Early last Monday morning, some of the 500 men and women chanting outside Kuwait's national assembly fell silent. At the rear of the demonstration - which involved Kuwaitis in jeans, trainers and the trendy tight blue T-shirts of the women's rights movement - a group of 30 women had arrived, their bodies completely covered in traditional black abayas, their faces obscured by niqabs.
There had been rumours that Islamists would send a crack team to disrupt this demonstration in favour of votes for women, and this looked like it. I was the first to approach the women, but, shy of foreigners, they squealed and scattered, increasing the fear that under the conservative garb lay conservative minds. But eventually a veteran Kuwaiti suffragette asked them straight: "Are you in support of giving the vote to women or against?" One woman came forward: most were there in support, she said, a few had come to make up their minds.
The incident illustrates the peculiar tensions in Kuwait, which has been a nominal democracy for more than 40 years but still bars women from voting (as well as some men, including members of the armed forces), and does not allow political parties. When US-led forces drove Iraq from Kuwait in 1991, it was amid promises of political equality: during the first Gulf war, it had been too dangerous for men to leave home and women had taken charge. Since then, however, the Islamists have won out.
In a report just launched by the actress Meryl Streep, the UN has put Kuwait among a "dirty dozen" of countries, most of them completely non-democratic, that have no women in parliament. Elsewhere in the Gulf, Bahrain, Oman and Qatar have enfranchised their women, albeit within more limited democracies. When Streep said that "a woman cannot vote in Kuwait and she cannot drive in Saudi Arabia", she drew a comparison that pains many westernised Kuwaitis.

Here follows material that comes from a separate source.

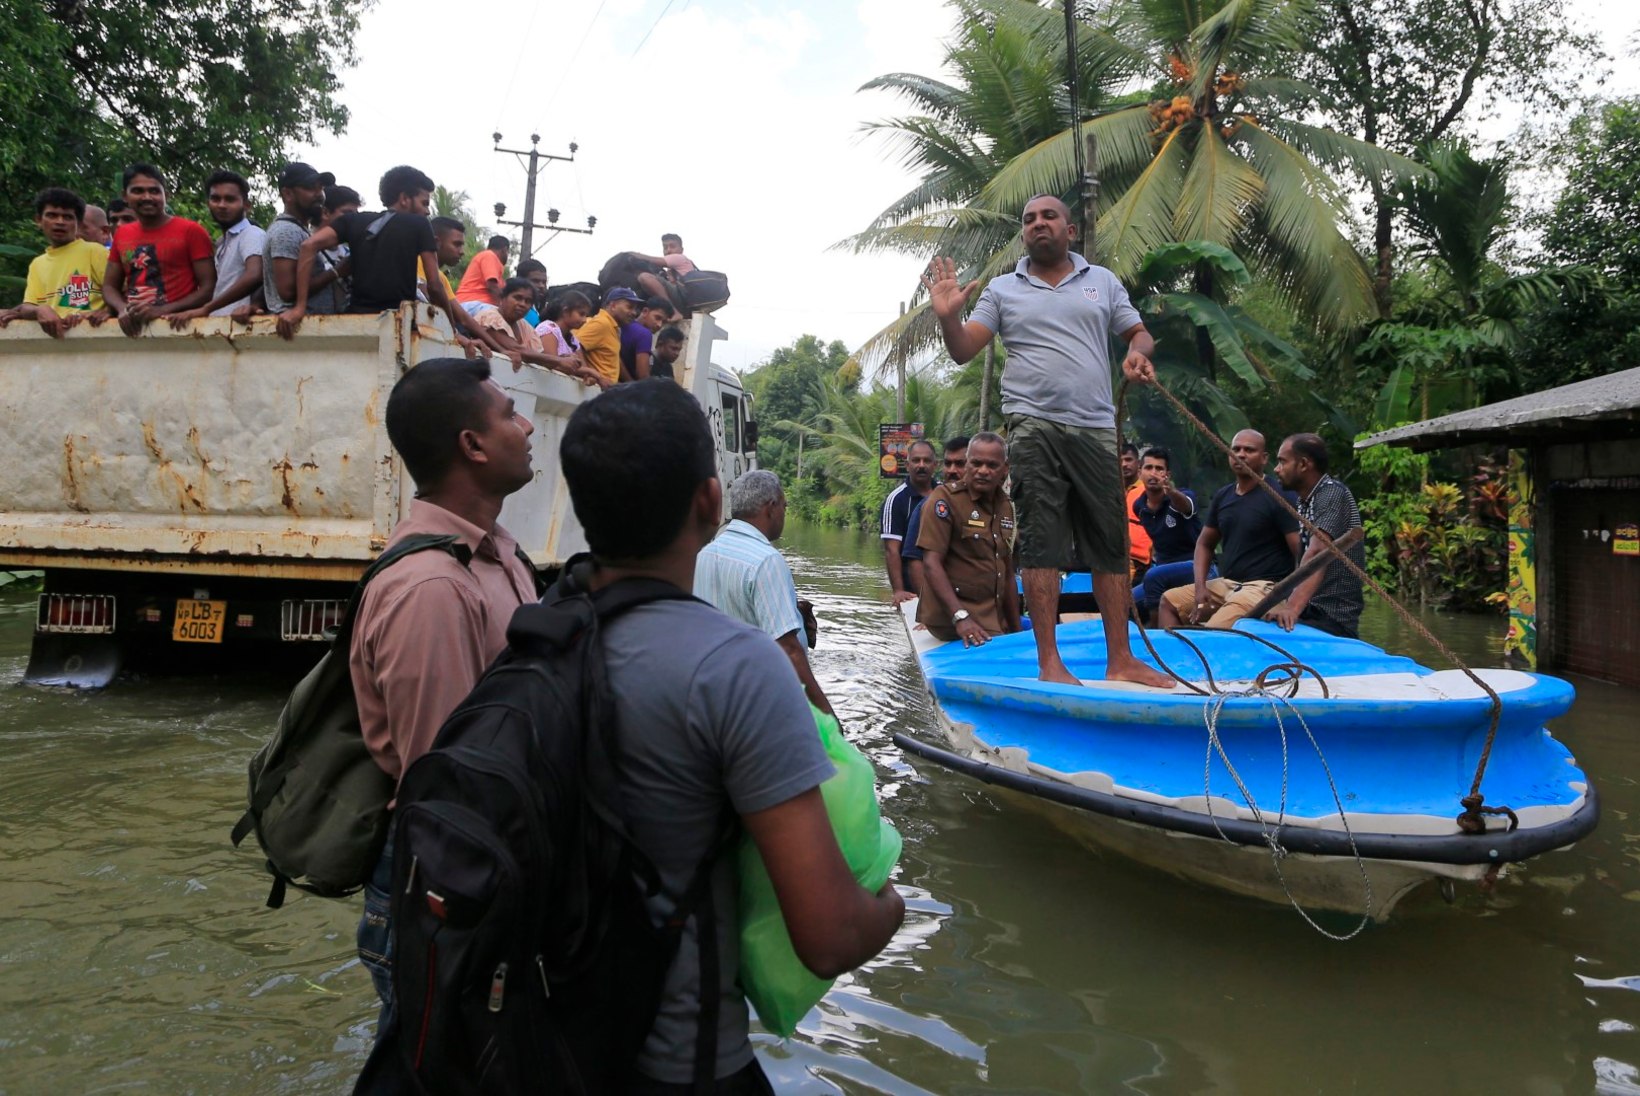 FOTOD | Sri Lanka päästjad on maalihete järel leidnud juba 151 surnukeha
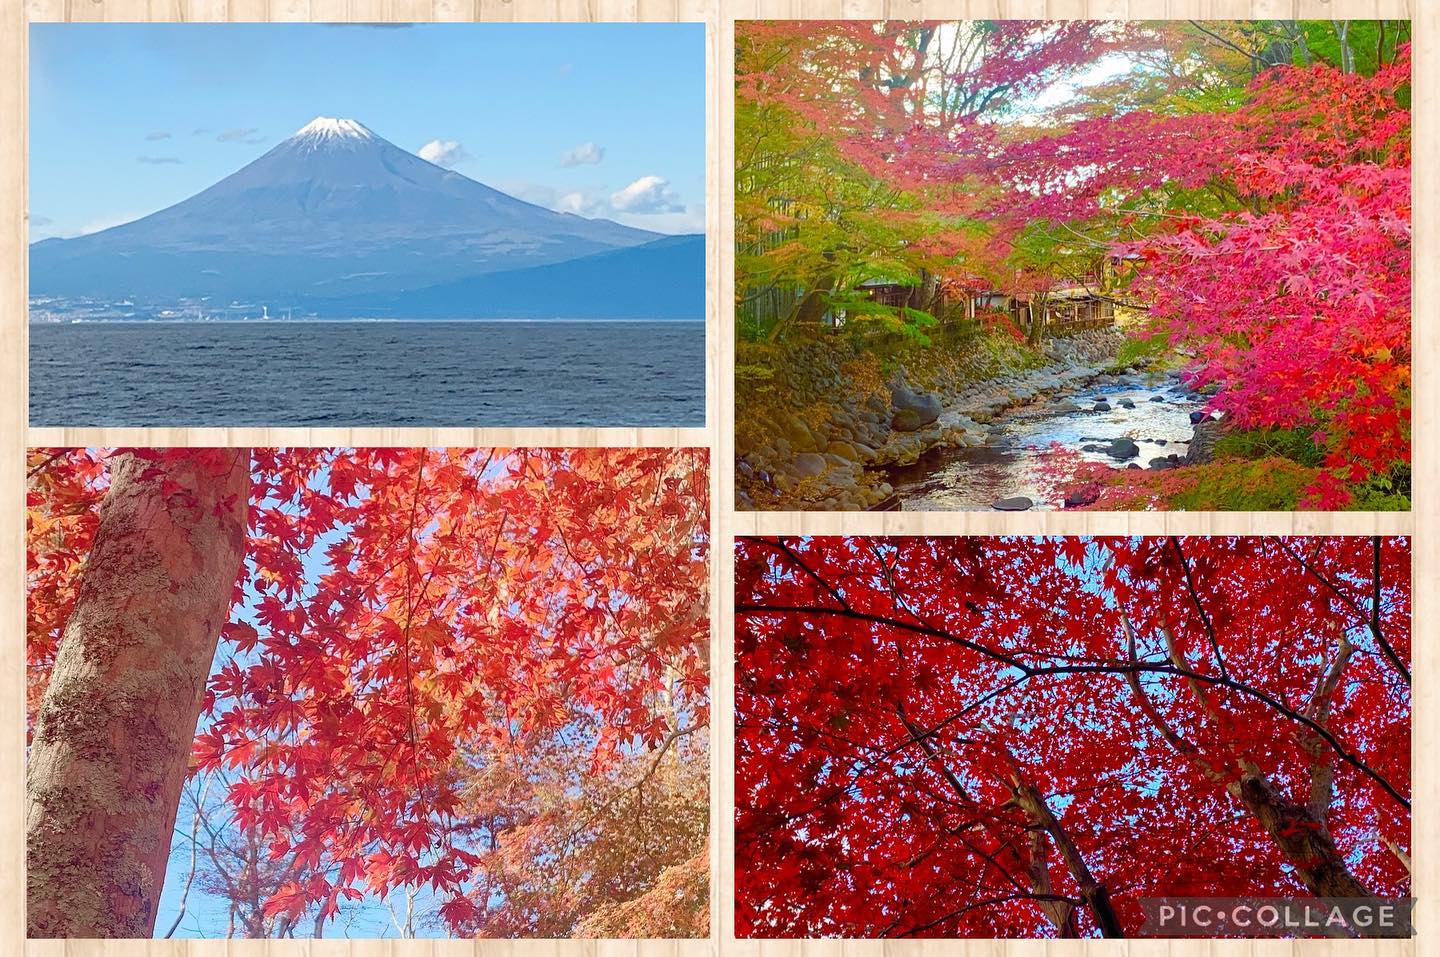 【富士山と紅葉】紅葉の映える青空が広がった静岡県内。富士山もよく見え、紅葉も見頃11月最後の週末、去り行く秋を楽しむのはいかがでしょうか記:村松晶子（脳活わらべうたティーチャー・静岡）#紅葉　#富士山　#わらべうたベビーマッサージ　#脳活わらべうた　#秋を楽しむ(Instagram)

Kuwaiti women often wear trousers, drive cars and travel abroad without the permission of their menfolk. They make up 63 per cent of university graduates and hold top jobs in the oil industry and diplomatic missions. With cabinet approval, parliament is now debating another bill to enfranchise them. The Emir backs the bill, as he backed another in 1999, which was defeated by two votes.
Yet Islamists are tightening their grip on Kuwait. They have 21 out of 50 MPs and have succeeded in segregating education (Kuwait University has essentially two campuses: one for men, one for women) and adding Islamic belligerence to textbooks. They look poised to ban school music lessons.
While an Islamic/tribal alliance scuttled the 1999 bill, it may not do so this time. A new Islamic party - the Umma party, influential with the hardliners - has emerged and supports votes for women.
Indeed, Islamists could well be strengthened by women's suffrage. Ghadeer, a student of political science, said: "If we are successful and women get the vote, we are aware that Islamic politics will increase." Islamists, she said, "address women's concerns about the family and will get many female votes".
But in the long term, Ghadeer hopes that as women become more involved in democratic debate, they will vote as men do.